This is now supported in Atom - please see the other answer for how to use it. I can't delete this answer since it is the accepted one...

Old Answer

The documentation for the snippets package has an example that shows how to predefine the default value for a variable:

'.source.js':
  'console.log':
    'prefix': 'log'
    'body': 'console.log(${1:"crash"});$2'

In the above example, crash is used as the default value for the log statement, allowing you to provide your own value by overwriting the crash default.

I guess what you're asking is whether there's a way to automatically use a value you typed and then apply it to the other instances of the same placeholder. So in your example, when you're at variable $1 and type foo, that it uses foo for all other occurrences of ${VAR}, right?

That's currently not possible from what I understand. I suggest you open a feature request at the snippets package's repo, or even better take a stab at adding this functionality and then creating a pull request.

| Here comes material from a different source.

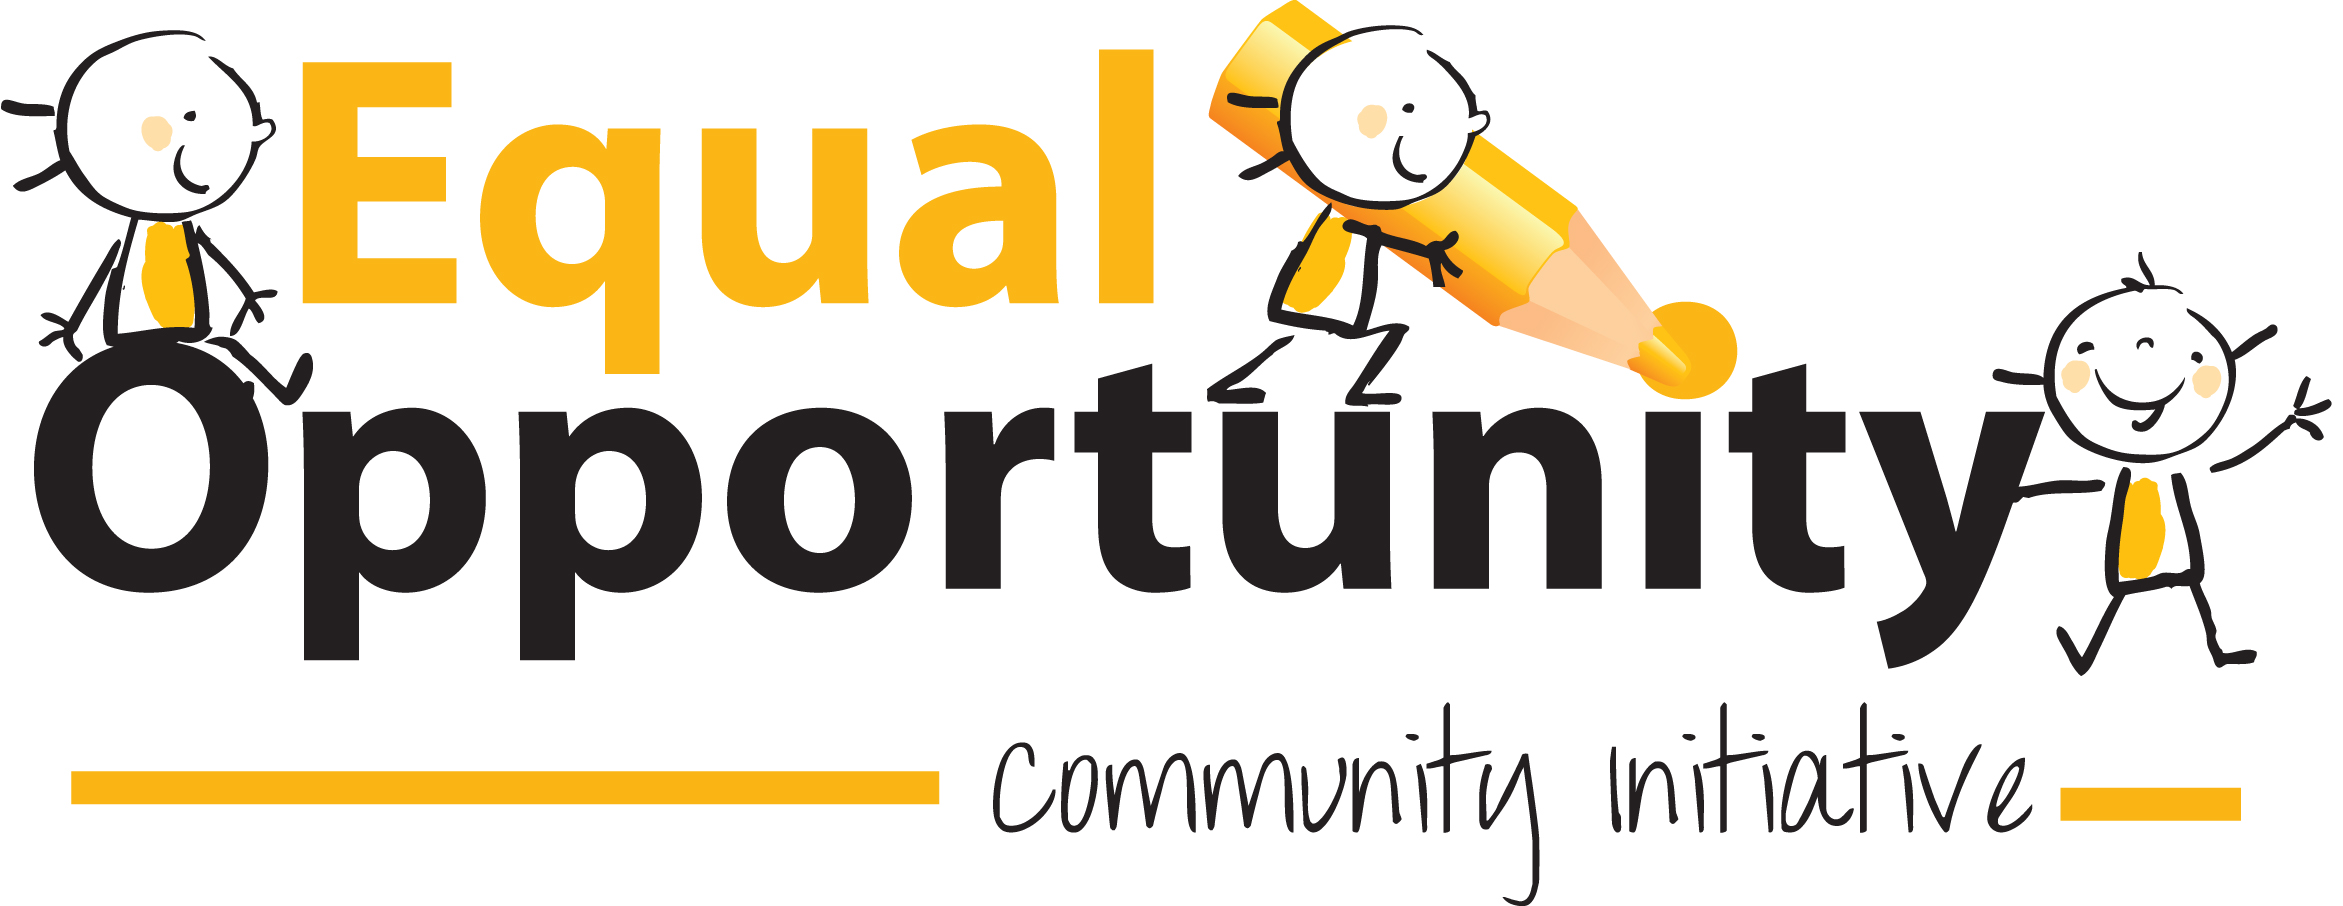 Equal Opportunity Community Initiative logo

Sorry if this doesn't help you, but you asked whether there was a way of doing this with the current version of Atom. The answer seems to be No at the present time.

4 Comments

Well. At least I know. Thanks!
This is now supported.
Thanks for the update - I was not aware that this was added.
FYI, for me ${1:"crash"} defaults to "crash" and not crash (ie, don't quote the default values unless you want those quotes). Also note that multiline snippets are possible using ''' and """.